Open access (OA) refers to a much-discussed ideal in scholarly communication: unrestricted global access to scholarship made possible through electronic publication. Debate centers around who will pay to create and maintain this access, and what the impact of such access will be upon intellectual property issues.

There have been three major definitions for open access to date, the Budapest Open Access Initiative, the Bethesda Statement on Open Access Publishing, and the Berlin Declaration on Open Access to Knowledge in the Sciences and Humanities (excerpted below). Collectively these are understood as the BBB (Budapest-Bethesda-Berlin) definition of open access, with which nearly all open access proponents agree.
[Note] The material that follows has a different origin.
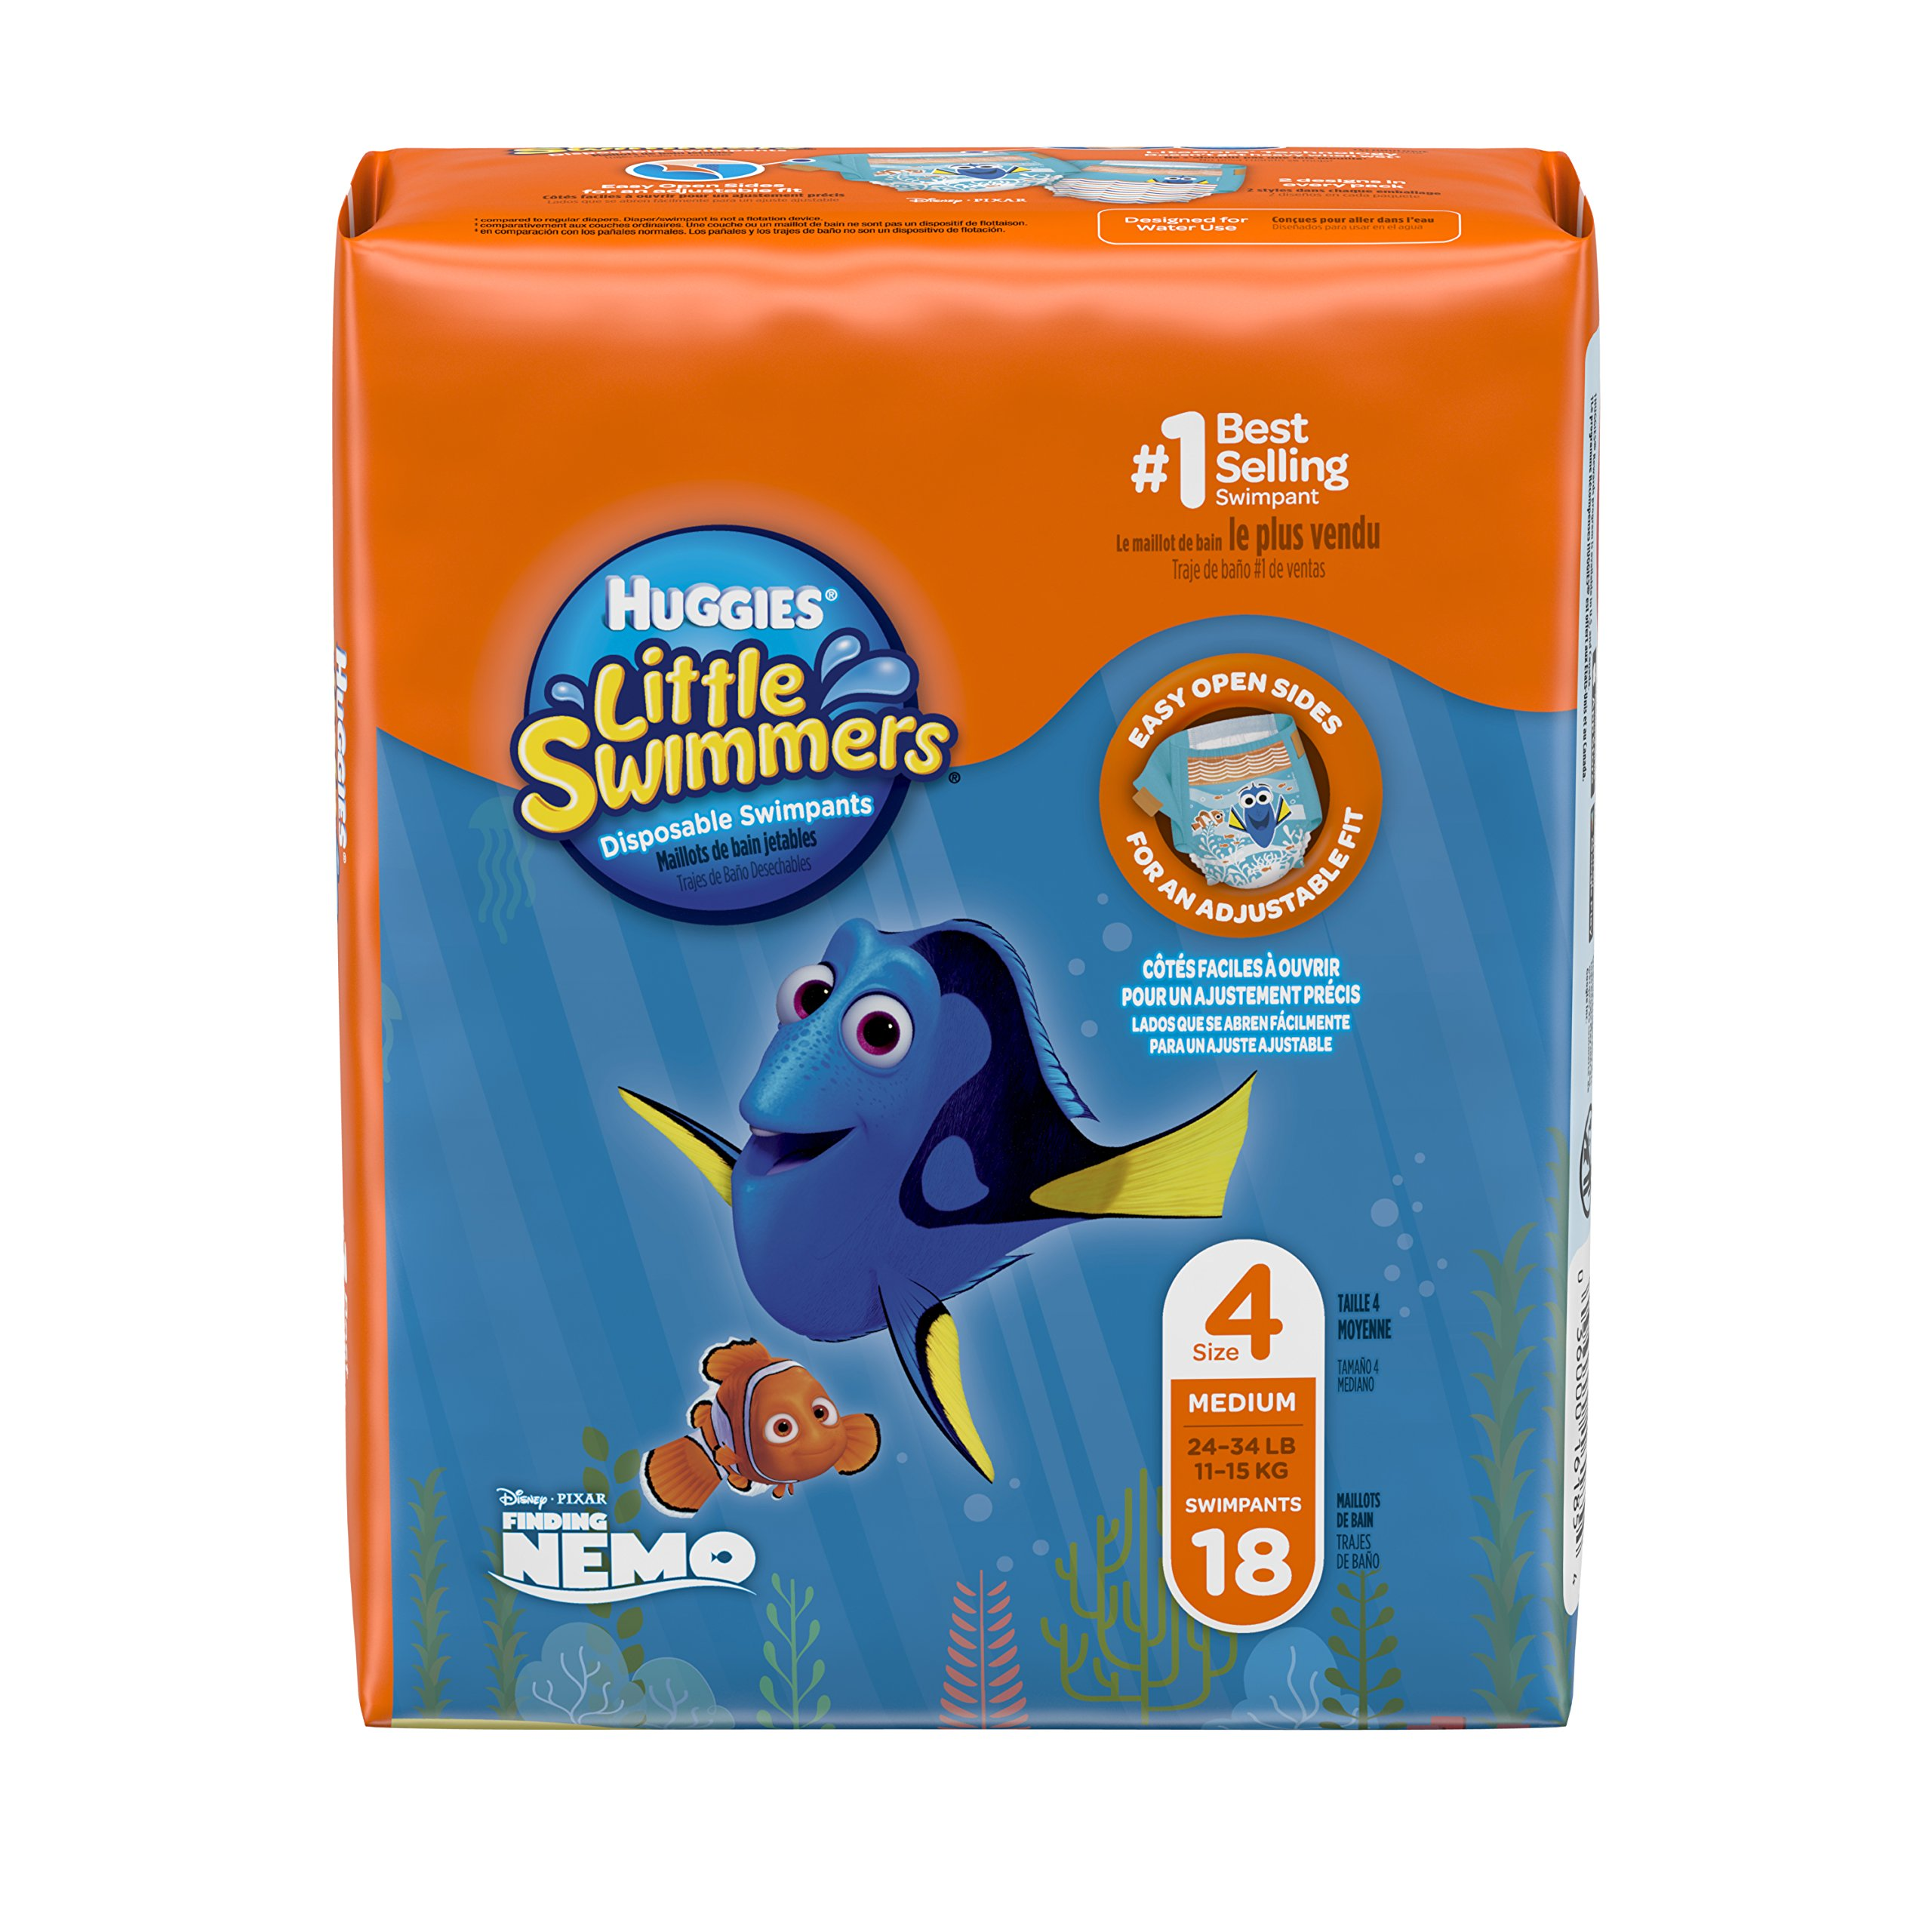 Huggies Little Swimmers Disposable Swim Diapers, Swimpants, Size 4 Medium (24-34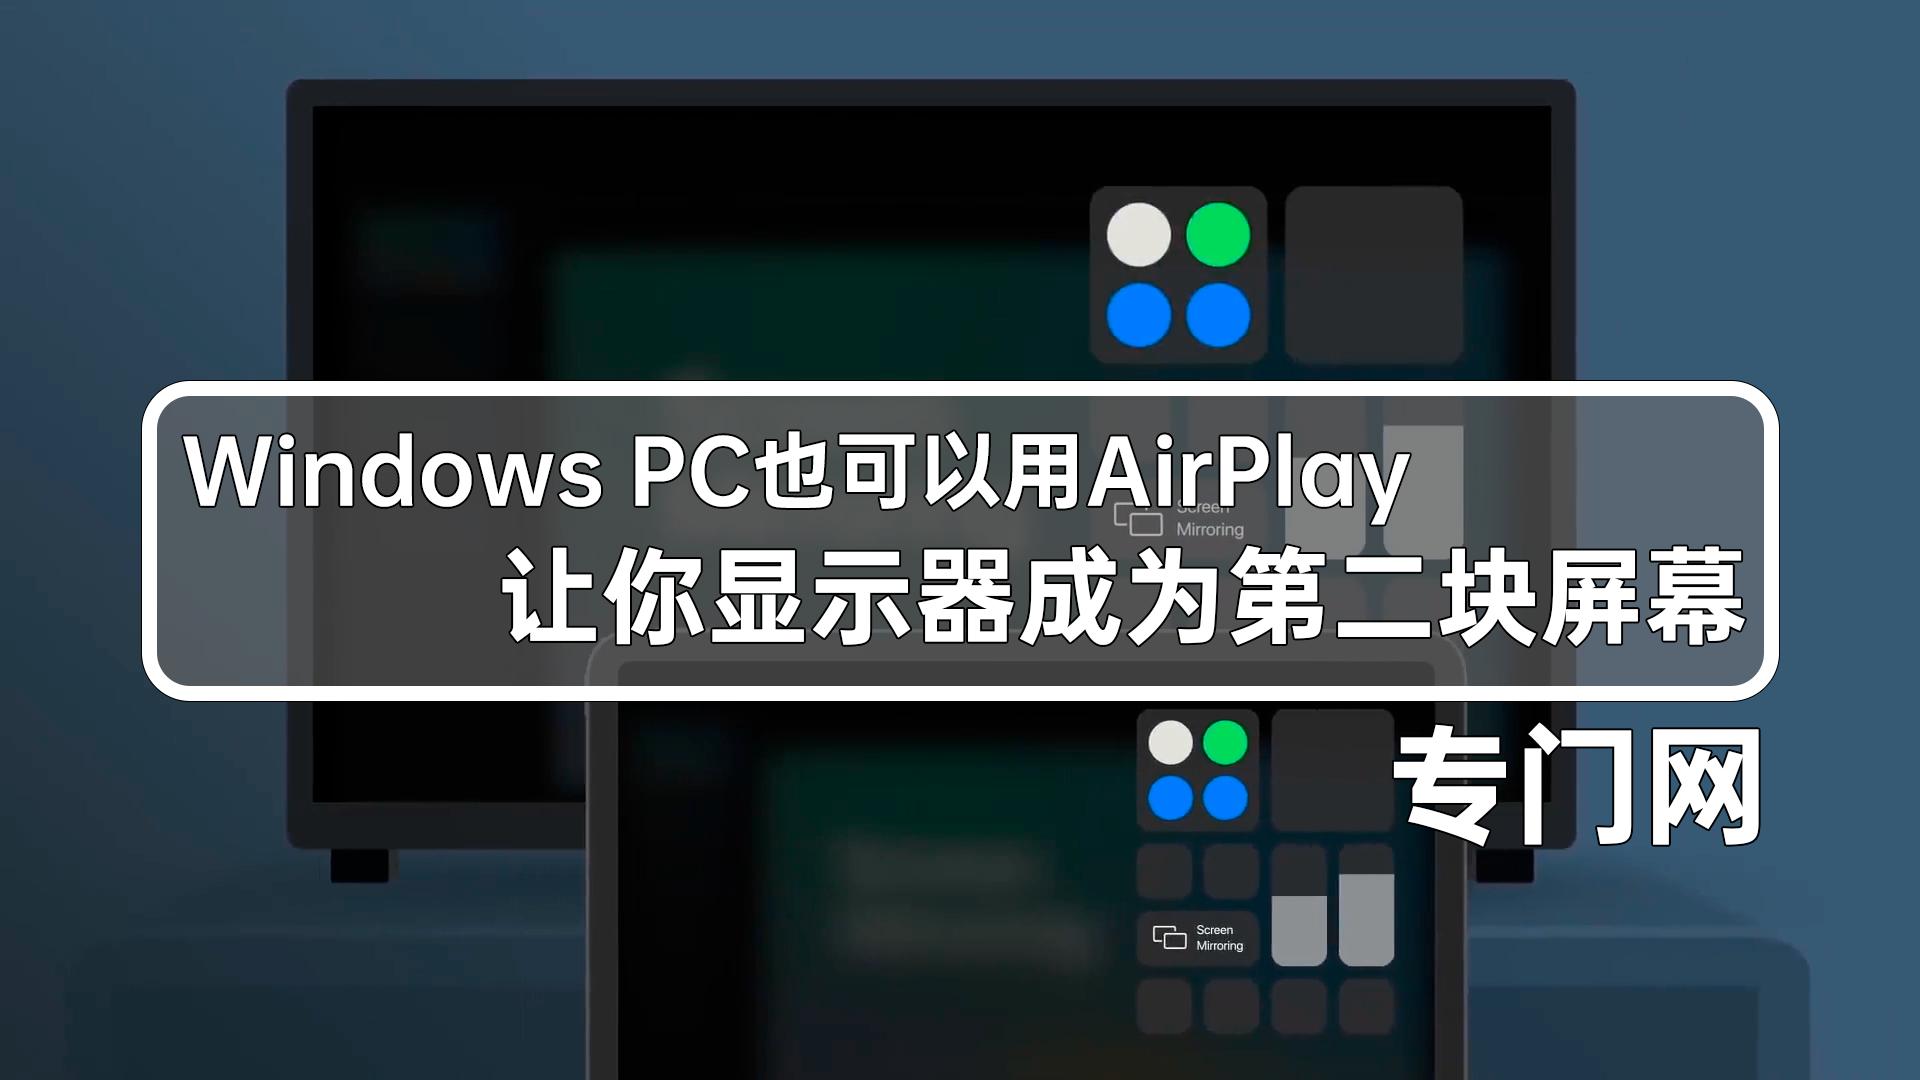 Windows PC照样能使用AirPlay 让你的显示器成为第二块屏幕

The Budapest Open Access Initiative (BOAI), dated February 14, 2002, articulates this ideal for scholarly interchange:

An old tradition and a new technology have converged to make possible an unprecedented public good. The old tradition is the willingness of scientists and scholars to publish the fruits of their research in scholarly journals without payment, for the sake of inquiry and knowledge. The new technology is the internet. The public good they make possible is the world-wide electronic distribution of the peer-reviewed journal literature and completely free and unrestricted access to it by all scientists, scholars, teachers, students, and other curious minds. Removing access barriers to this literature will accelerate research, enrich education, share the learning of the rich with the poor and the poor with the rich, make this literature as useful as it can be, and lay the foundation for uniting humanity in a common intellectual conversation and quest for knowledge. (BOAI)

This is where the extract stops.